After three alpha releases, we have created a first beta version to help you
adapt your software to the new features ahead of the release.
The compatibility of the opam ecosystem with OCaml 4.11.0 is currently quite
good, and it should be possible to test this beta without too much trouble.
Compared to the last alpha release, this first beta release contains the following new bug fixes:
Driver
#9011: Allow linking .cmxa files with no units on MSVC by not requiring the
.lib file to be present.
(David Allsopp, report by Dimitry Bely, review by Xavier Leroy)
Typechecker
#9384, #9385: Fix copy scope bugs in substitutions
(Leo White, review by Thomas Refis, report by Nick Roberts)
#9695, #9702: no error when opening an alias to a missing module
(Jacques Garrigue, report and review by Gabriel Scherer)
Warnings
#7897, #9537: Fix warning 38 for rebound extension constructors
(Leo White, review by Florian Angeletti)
#9244: Fix some missing usage warnings
(Leo White, review by Florian Angeletti)
Toplevel
#9415: Treat open struct as include struct in toplevel
(Leo White, review by Thomas Refis)
#9416: Avoid warning 58 in flambda ocamlnat
(Leo White, review by Florian Angeletti)
Flambda backend
#9163: Treat loops properly in un_anf
(Leo White, review by Mark Shinwell, Pierre Chambart and Vincent Laviron)
My colleagues did some extensive benchmarking before the first release of flambda (back in 4.03) to find reasonable settings for the default, -O2 and -O3 flags (note that there is no -O1 or -O0 flags).
The current choice for default is still considered the best one: it means compilation times are comparable to the non-flambda (Closure) version, while generated code is roughly similar in performance.
In my opinion, if you want to make -O3 the default, this shouldn’t be a patch to the compiler or the opam repository, but rather to the build systems: dune could pass the -O3 flag to ocamlopt when in release mode, for instance.
A lot has changed since 4.03 though. And BAP project experience confirms there is a huge performance boost for non-trivial code - [ANN] BAP 2.1.0 Release - #9 by ivg :
Speaking of the numbers, I am seeing improvements between 10% and 30% that are mostly coming from significantly reduced pressure on the garbage collector.
OK, so after recompiling everything with -O3, I’ve got about 40% improvement in such simple task as binary disassembling, which is fantastic, nearly twice as fast. On more complex benchmarks the results are less impressive, something between 10% to 20%.
Enabling by force the -O3 option in -flambda switches without further testing seems far too early to me.
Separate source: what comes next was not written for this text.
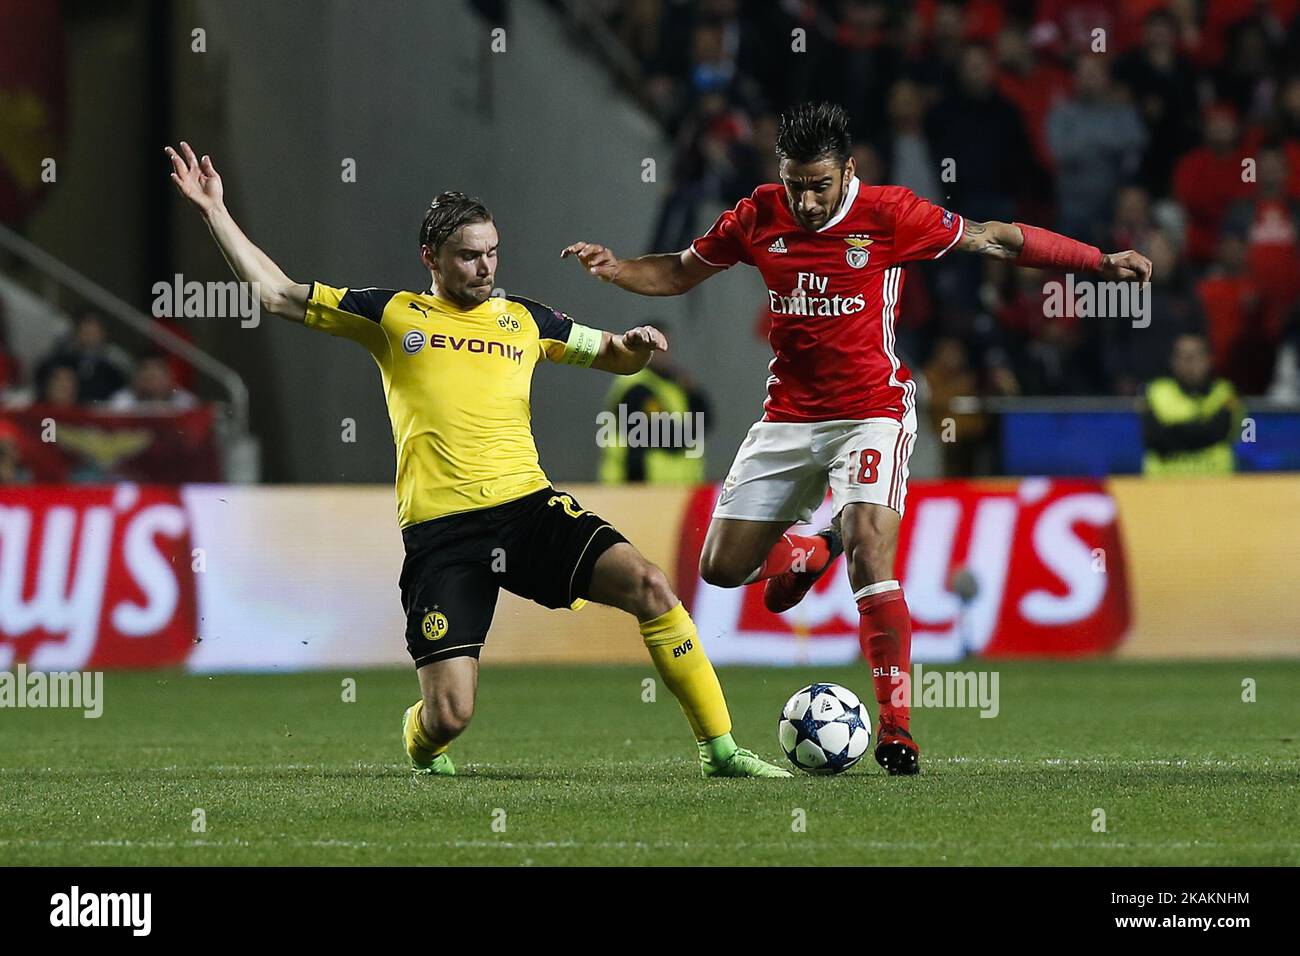 Dortmund's defender Marcel Schmelzer (L) vies for the ball with Benfica's forward Eduardo Salvio (R) during Champions League 2016/17 match between SL Benfica vs BVB Borussia Dortmund, in Lisbon, on February 14, 2017. (Photo by Carlos Palma/NurPhoto) *** Please Use Credit from Credit Field *** Stock Photo

It seems to me that this option could be tested first in an experimental opam repository and tested for one release cycle before being proposed as the default option for flambda switches.
This ounit issue blocks openSUSE due to this build dependency chain: ounit -> re -> ppxlib -> rest of ocaml pkgs. Since make check should run, an outdated ounit is fatal.
Thanks a lot for the report, this is error is due to a Change in the backtrace format introduced in #9096. I will try to propose a patch to update oUnit adhoc backtraces parser.
Also note that if there are any other blockers, I encourage you to also report them on the opam-repository readiness issue. It would help to document what are the constraints and blockers of downstream distributions.
@vlaviron@octachron, I would be very interested to read what you might think of the proposal to use an opam config variable so that individual users could more easily enable higher optimization levels for an entire switch. I have not had a chance to test this approach, but presuming that it plays nicely with opam, would that step already be too far in your view? It seems to me to be premature to change the default, but I also think that it would be beneficial to make it easier for people to test with a whole switch that is as highly optimized as possible.
It also seems possible that the optimal point on the compilation time vs produced executable speed might be different when building dependencies in a switch versus direct compilation of a project. That is, at least hopefully, we compile each library in each switch rather less often than we compile the projects we are developing. So it may make sense for the default when opam is building dependencies to opt for a higher optimization level than the default that is set for builds in the edit-typecheck-compile-debug cycle.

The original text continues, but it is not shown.